I try to write down my own inner wisdom! I have a sketchbook and also use the Notes app on my phone a lot. I just write & forget, but then I take some time every once in a while to go through the things I wrote and I find myself nodding along to myself haha. I really recommend it.
Great post and so glad you got back to painting. I am having ‘that’ week I’m afraid and not yet found my lightbulb moment, but when I do I think the first thing I should do is go paint it on the wall so I don’t forget. Meanwhile hope you and all the others keep painting and make me smile and enjoy your work.
It’s so hard to hold on to that painting momentum I find!! There are gazillions of distractions in the way of life, social media, and also those pesky inner negative thoughts. I hope you get back into your painting groove soon Lynda! I love seeing your work.
Iris this is a great post! Thanks for sharing feelings I think many of us have had. π Its true we do have to do what makes us happy because we each have a unique artistic voice to share! Have a great weekend!

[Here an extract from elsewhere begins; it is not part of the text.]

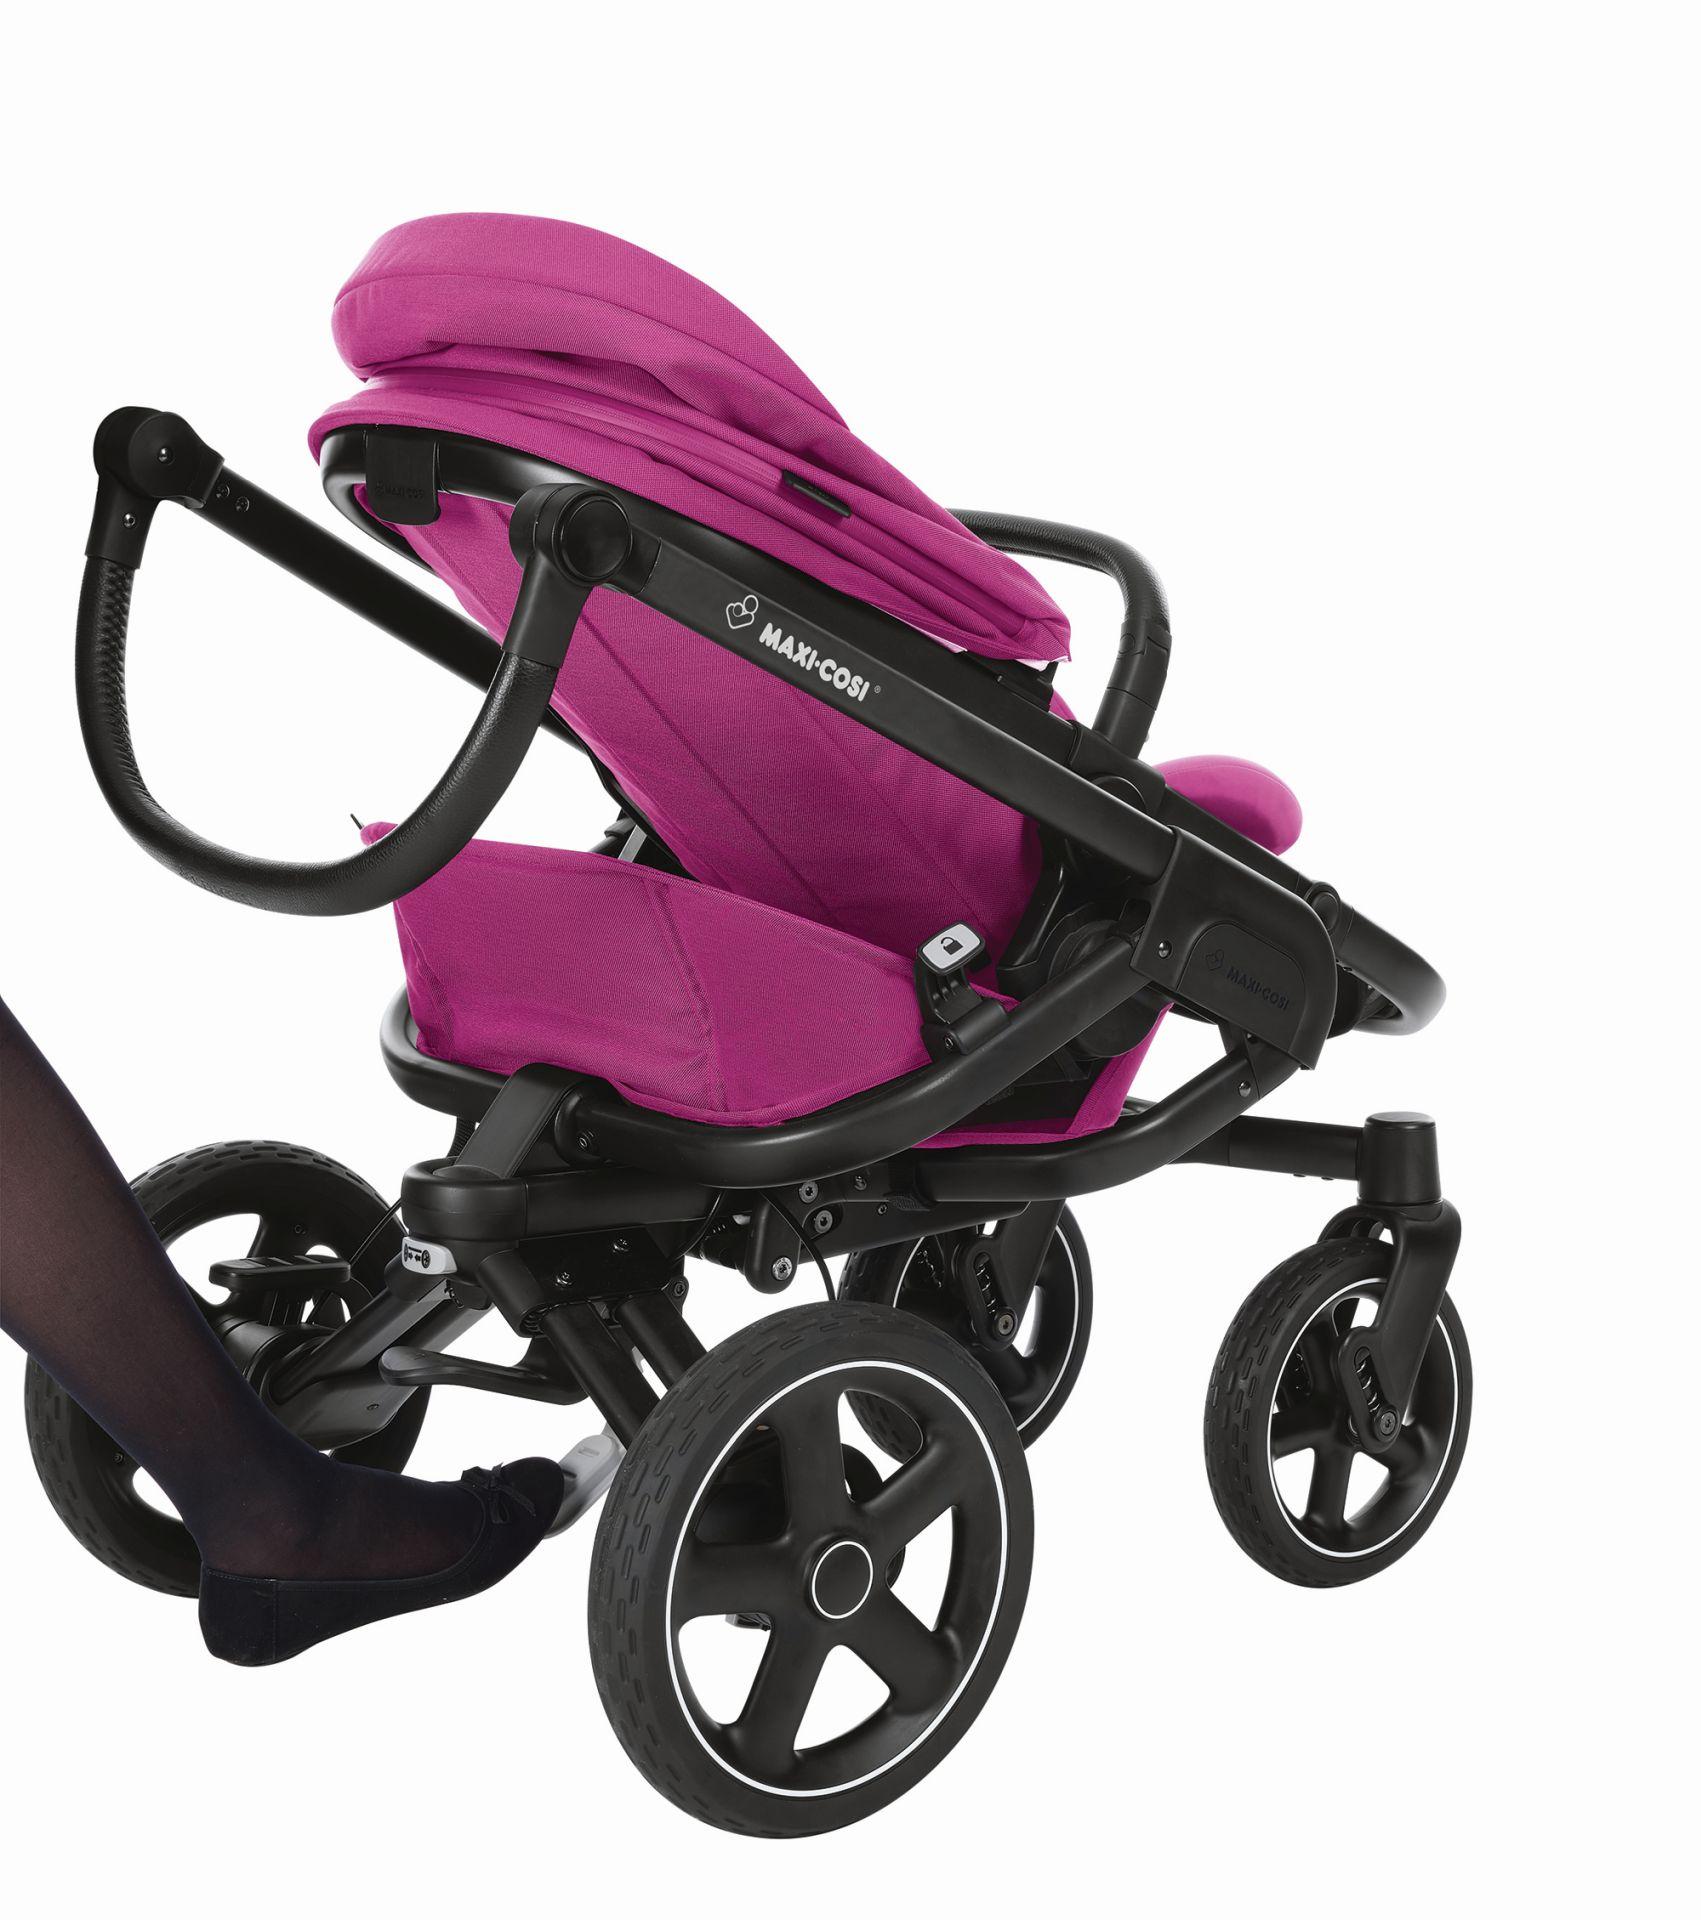 maxi cosi 4 wheels stroller nova 2018 frequency pink buy at kidsroom strollers. Black Bedroom Furniture Sets. Home Design Ideas

Thanks Erica! We really have to be true to our own voice, but in life there are so many other voices (some inside ourselves even!) telling us what we should be doing instead that it’s a real challenge to live by this message! Hope you had a lovely weekend also.
Sweet, smart Iris,
Been spending some time on your blog this morning and the spring in my step is lighter and my heart thankful. Your words and wisdom are just what I’m needing right now. AND, I loooove your art. Seriously, it’s gorgeous. I’m so glad we’re friends. π
Sara, wow your sweet heartfelt comment literally made me tear up just now!! And I feel so honoured to be your friend. Every time I read your blog I feel a real connection. I’m glad my words were helpful to you. Big big hugs!!! Hope you have an amazing celebration tomorrow!
Iris,
Lovely blog! I think that at some point we all think, “What would the world like?” I know that whenever I paint flowers or birds, he says, “Oh! I like when you paint your flowers and birds. I think that people would buy that a lot more than people.” But, you know what?! I am not as happy when I am painting flowers and birds! I am much happier when I paint people. So, that is what my main focus is. I do like an occasional break and will whip out some flowers. However, that is not really my passion. I say paint what you love, even if no one buys it! For me, it is more about enjoying the moment anyway….loved your blog!
I know right! I notice when I do birds that a rush of people like it, but it kind of bores me. The faces are ALWAYS interesting. And look at historical painters, there’s plenty of faces/figures in there. I think there’s such a fascination with them. At the moment I’m not really focussing on selling my art, but even if I was I think I’d prefer to focus on getting really good (and unique/original) at what I LOVE, than to just keep knocking out stuff that doesn’t make me happy. Thanks for your input Kara!!